Post Number: 31
|Posted on Monday, April 10, 2006 - 02:54 am: ||
I have 3 tanks set up here and all are livebearers only. Two of my tanks have guppies and the guppies always have fry in the tank and they do just fine I might add. I've been having trouble with the other species though as far as breeding. I've got black, pineapple, marigold, and marigold wag swordtails, blue coral, and platy varietus platies and I can't get them to breed. I keep the temperature at about 80 the PH is close to neutral, and I do water changes about once a week: 5 gallons to which I add stress coat, amquel, and a tablespoon of sea salt. The water here in NY is pretty soft but other than that I wonder if changing that or any of the other paramaters may induce spawning. You guys always being so helpful I wondered if you'd care to give me any tips. Thanks a bunch
Post Number: 9924
|Posted on Monday, April 10, 2006 - 07:02 am: ||
IME - Guppies and mollies have larger fry and are less inclined to eat them.
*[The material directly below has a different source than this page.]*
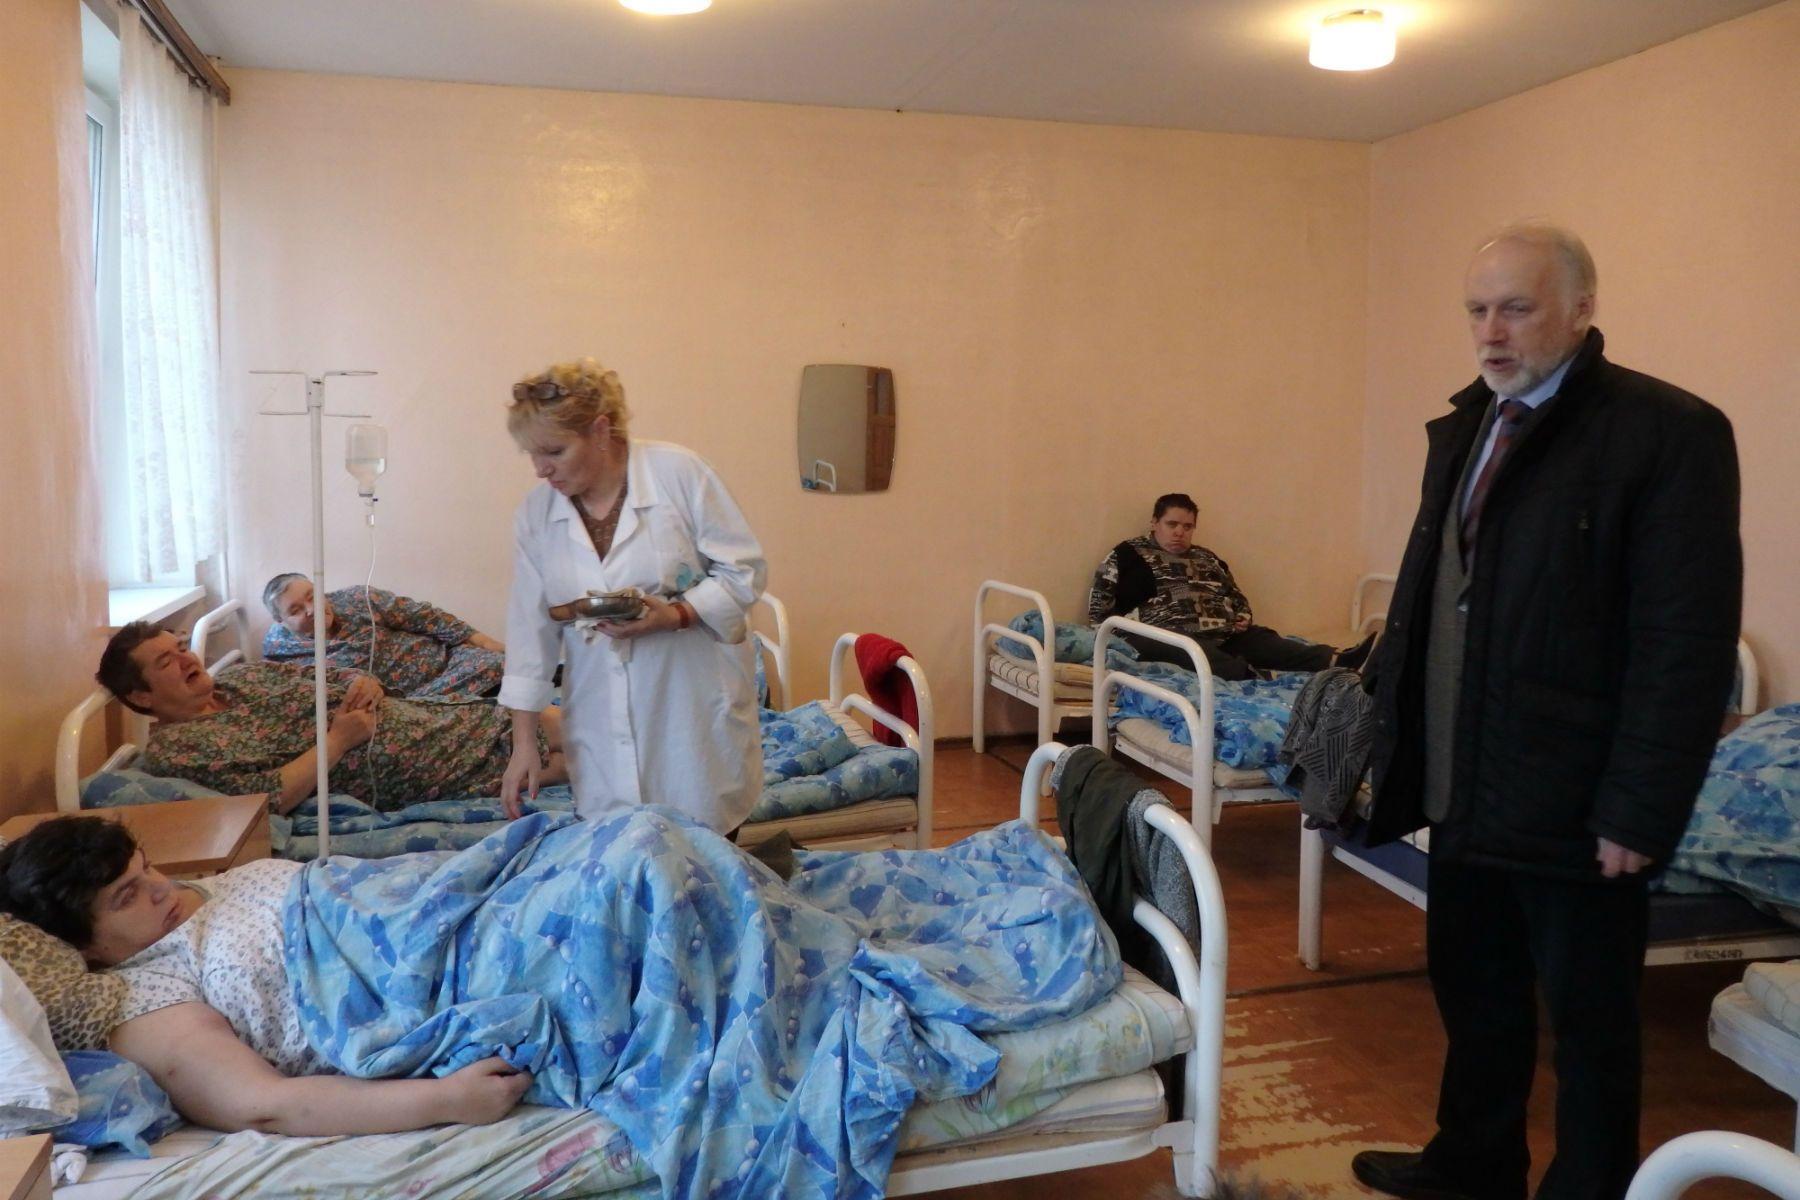 Минтруд и общественные организации планируют изменить условия проживания в ПНИ
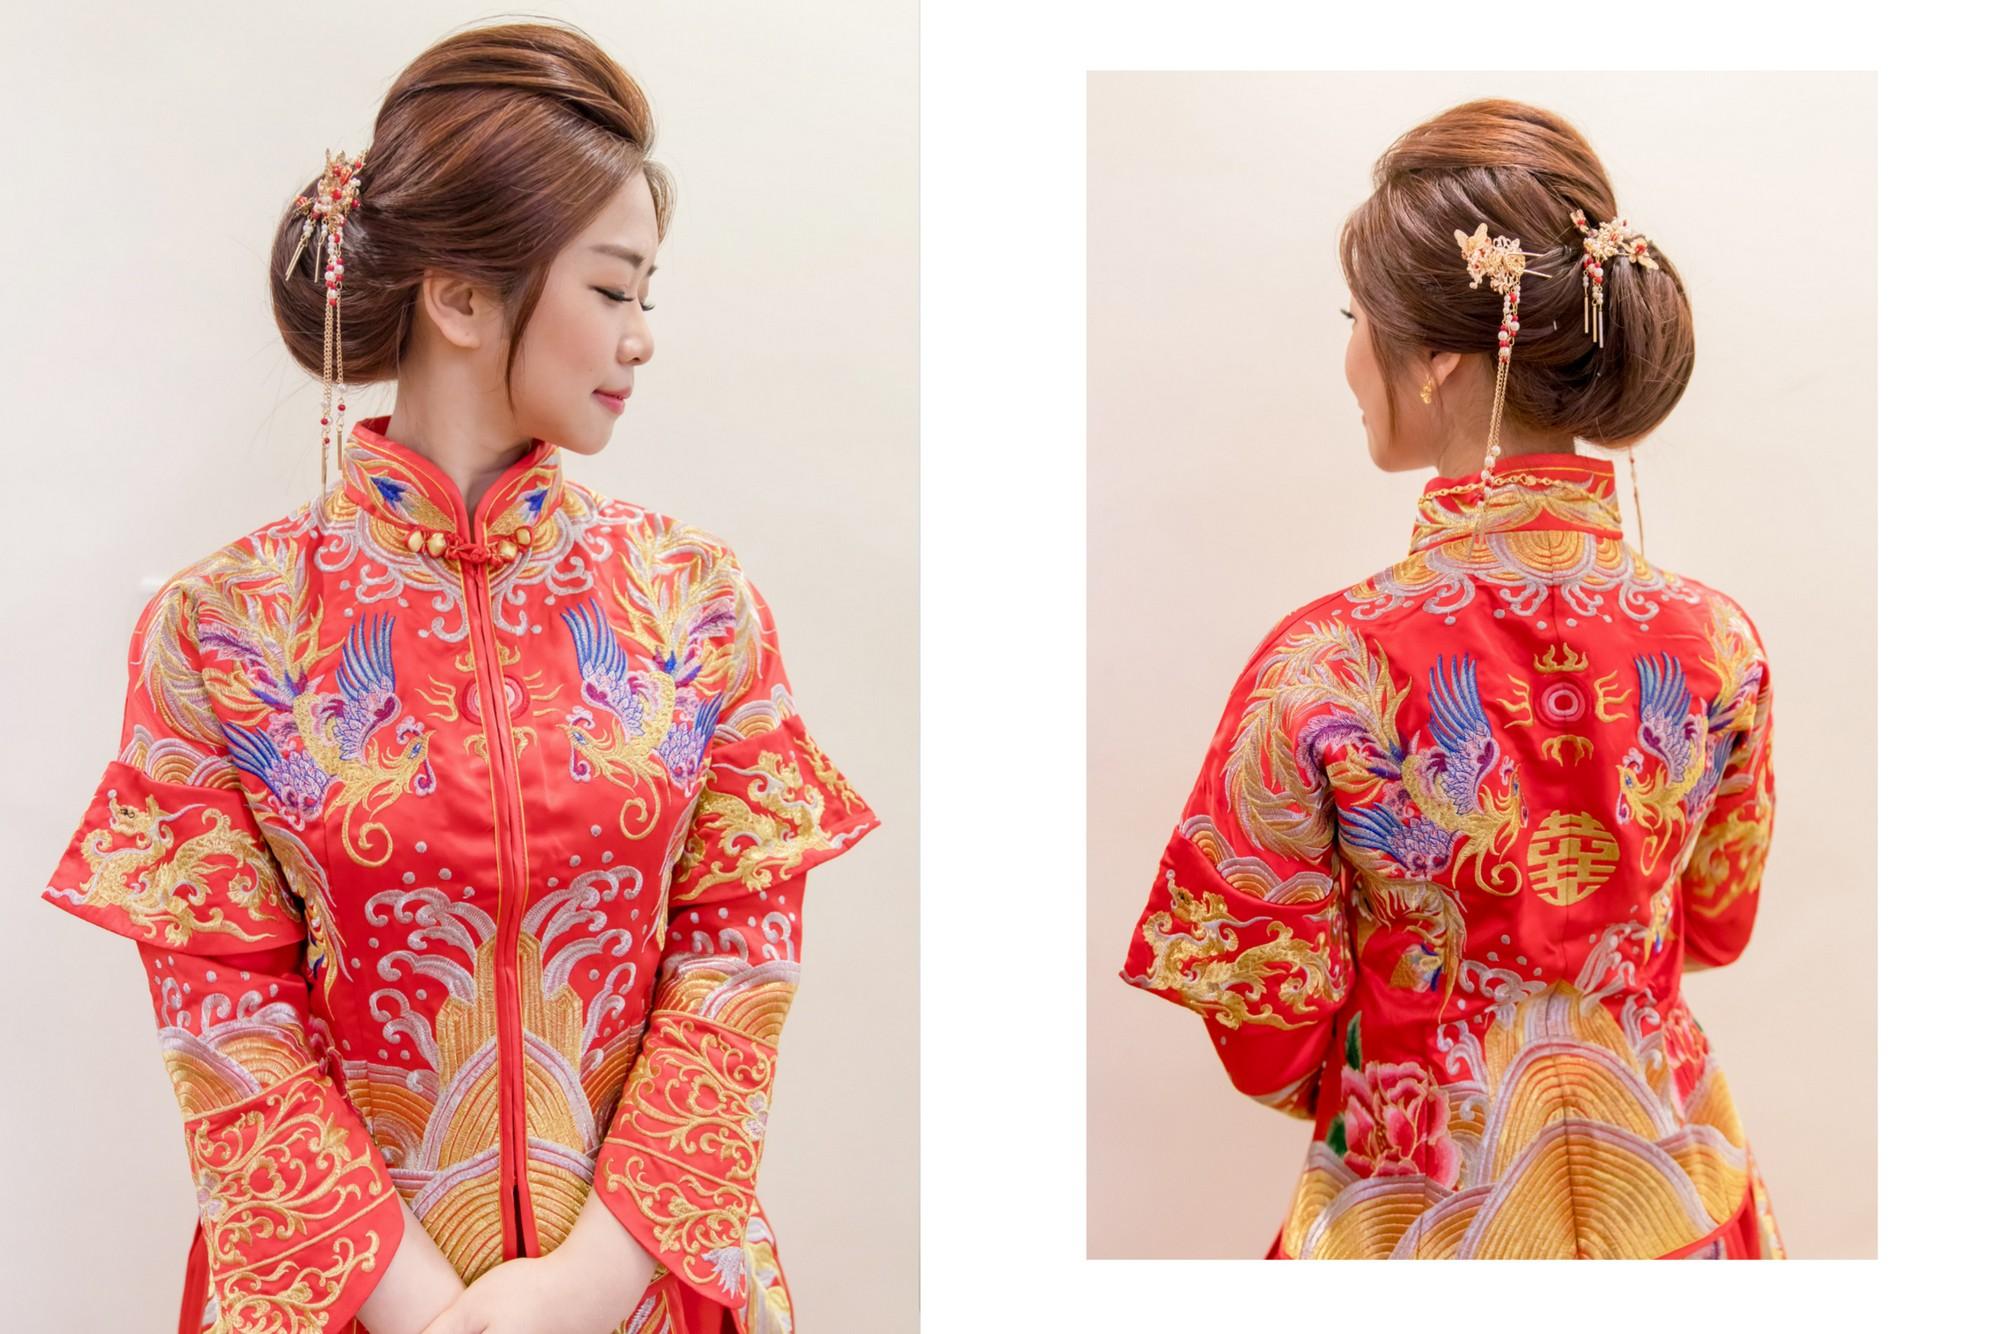 新娘造型,台北新秘,新娘髮型, 低髮髻造型,中式禮服,龍鳳褂造型,褂頭,龍鳳褂髮型,龍鳳褂

They hover near the surface and get plenty of food and grow quickly to a size that they can't be eaten, even if your adults are so inclined.
Swordtail fry are much smaller, and hide near the bottom, even in the substrate. The adults are voracious feeders, many members here have seen them turn and eat them as fast as they release them, if they make the mistake of using breeding traps with them, which "trap" the fry and make them easy prey for the mother. If you put lots of dense plants on the bottom of the tank (which means quit adding salt, the swords don't need it and it will kill the plants) you will see a higher survival rate. They grow slowly, partly due to genetics, partly due to the fact that they are at a disadvantage down there at feeding time. I add the powdered Fry Bites after the parents have had their fill of flakes and stir it in to make sure it settles as quickly as possible, and the fry will feed on infusoria on the love plants between meals, so make sure the plants are live, not plastic.
The last point is that while you may believe yours are not releasing fry yet, they may just be in hiding. They are very good at it, if cover is provided, or they get eaten quickly. I also thought mine never released until I paid more attention to the getting fatter/suddenly thinner pattern. I once got irritated with a female that got skinny overnight in a 29 gallon "maternity" tank, and there were no fry in the tank that morning, so I removed all the adult swords to a community tank before work the next morning, intent on restocking the 29 with more cooperative fish after work. When I got home, I saw this:
...there were over 70 fry swimming at all levels of the tank, presumably because the removal of the adults made them feel free to do so!